Nonetheless, the "understand-ability" assumption, though well intentioned, is subject to problems. At the most basic level it has epistemological difficulties; how well can you ever "know" another person's experience, to what extent is one person "like" another? Even if we assume that our normal intuitions about being able to empathise with others are substantially accurate we still need to remain conservative in estimating what we know. Just as there is arrogance in assuming that a diagnosis tells you all you need to know about a person's experience, there is arrogance in assuming you can basically figure someone out on the basis of your interpretation of their story.


"Just Like You"- a confused sentiment: is anyone really "just like" anyone else?

 

The "Me-too" Fallacy:

An "experience based approach" seeks to reel back from a psychiatry which prescribes people pills or brutally restrains them without consideration for what those experiences are actually like.
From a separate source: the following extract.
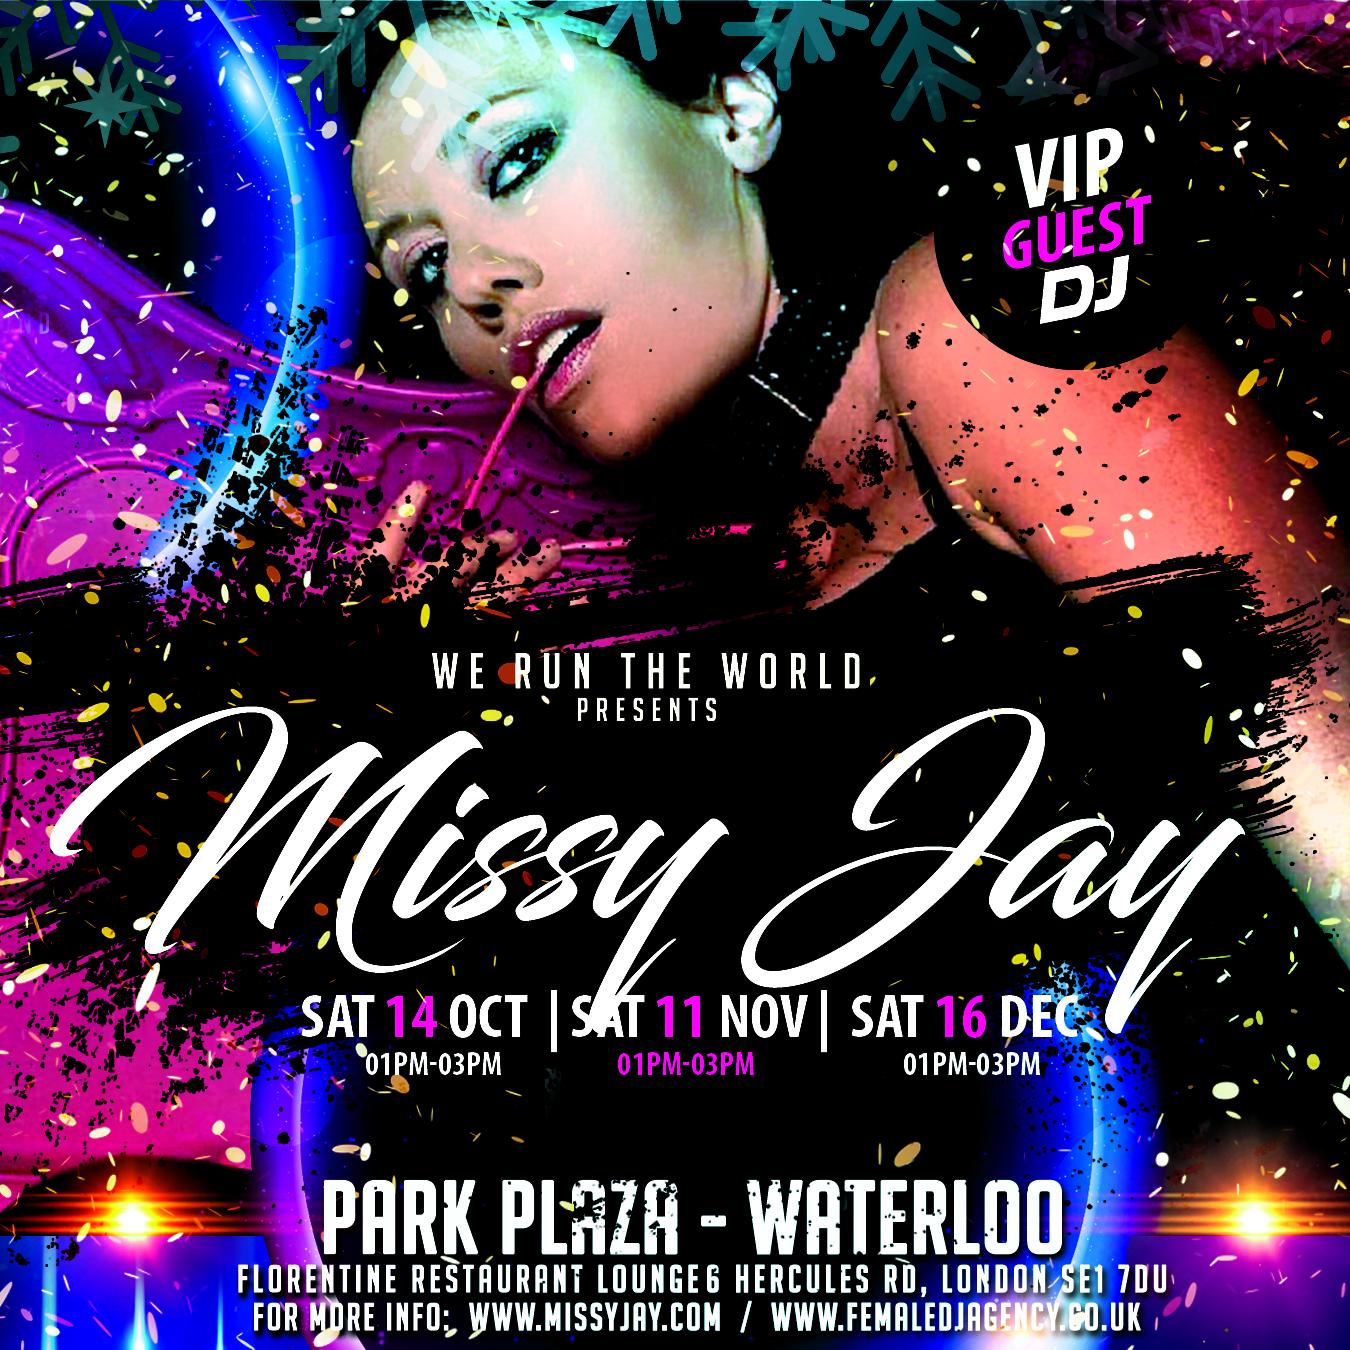 missy_jay_park_plaza_101112.jpg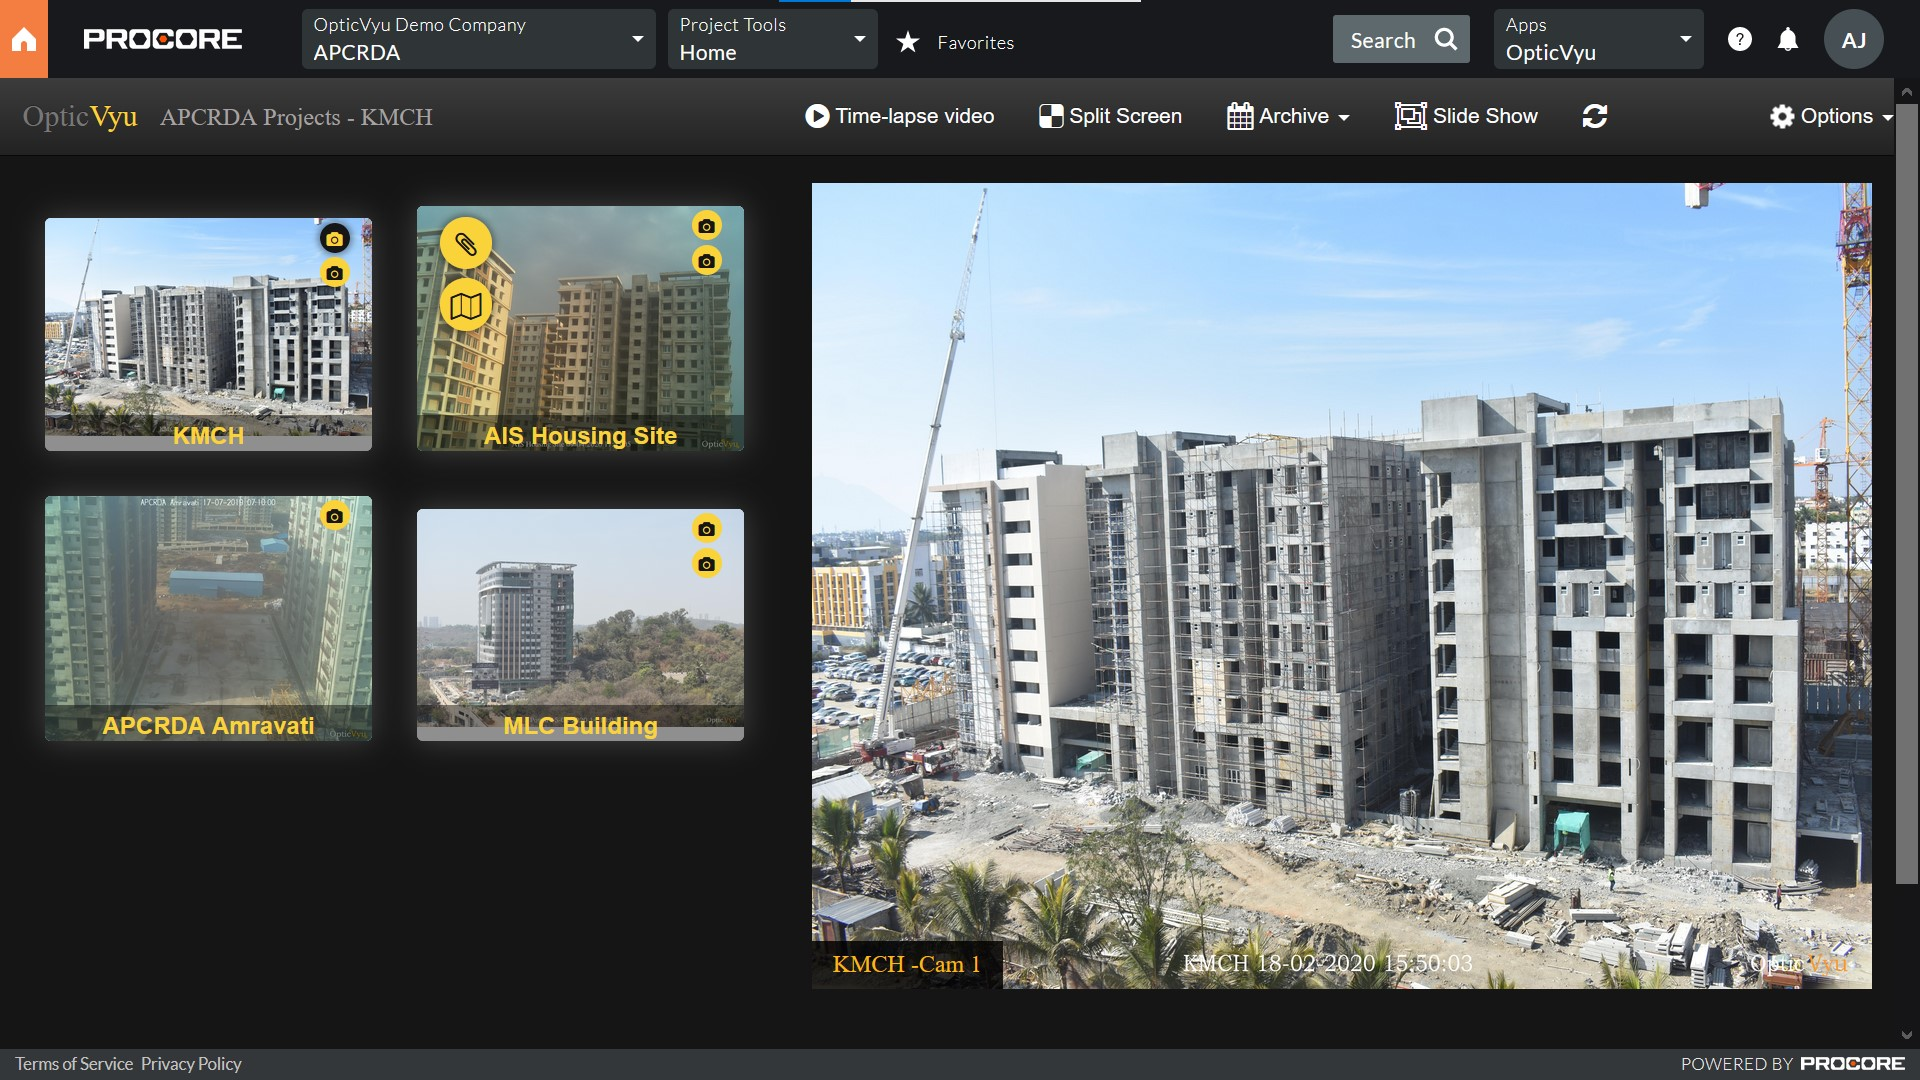 opticvyu embedded app procore integration

You don't need an evidence base to argue for the position that people's experiences should be given high priority in arranging how they are cared for and paying attention to experience seems a plausible guard against needless institutional cruelty.

However, over-identification with the plight of another can cause havoc with our intuitions. Experiences can appear "understandable" even when they are not. As is so often the case with sloppy clinical thinking, Paul Meehl articulated this problem 40 years ago with his description of the "me too" fallacy:


If, like me, you have some residual aesthetic discomfort with Meehl's notion that people can be "mentally healthy" and "mentally unhealthy", it is worth remembering that we do not do anyone any favours by ignoring the possibility they are in need of more than just basic human kindness or even the best-available psychological help. Even if you reject a clear boundary between those who are "well" and those who are "unwell", there still exist mental health problems so severe that they benefit from recognition as illness and medical intervention. To suggest otherwise is a failure to take experience seriously and seems, ironically, rather un-empathic.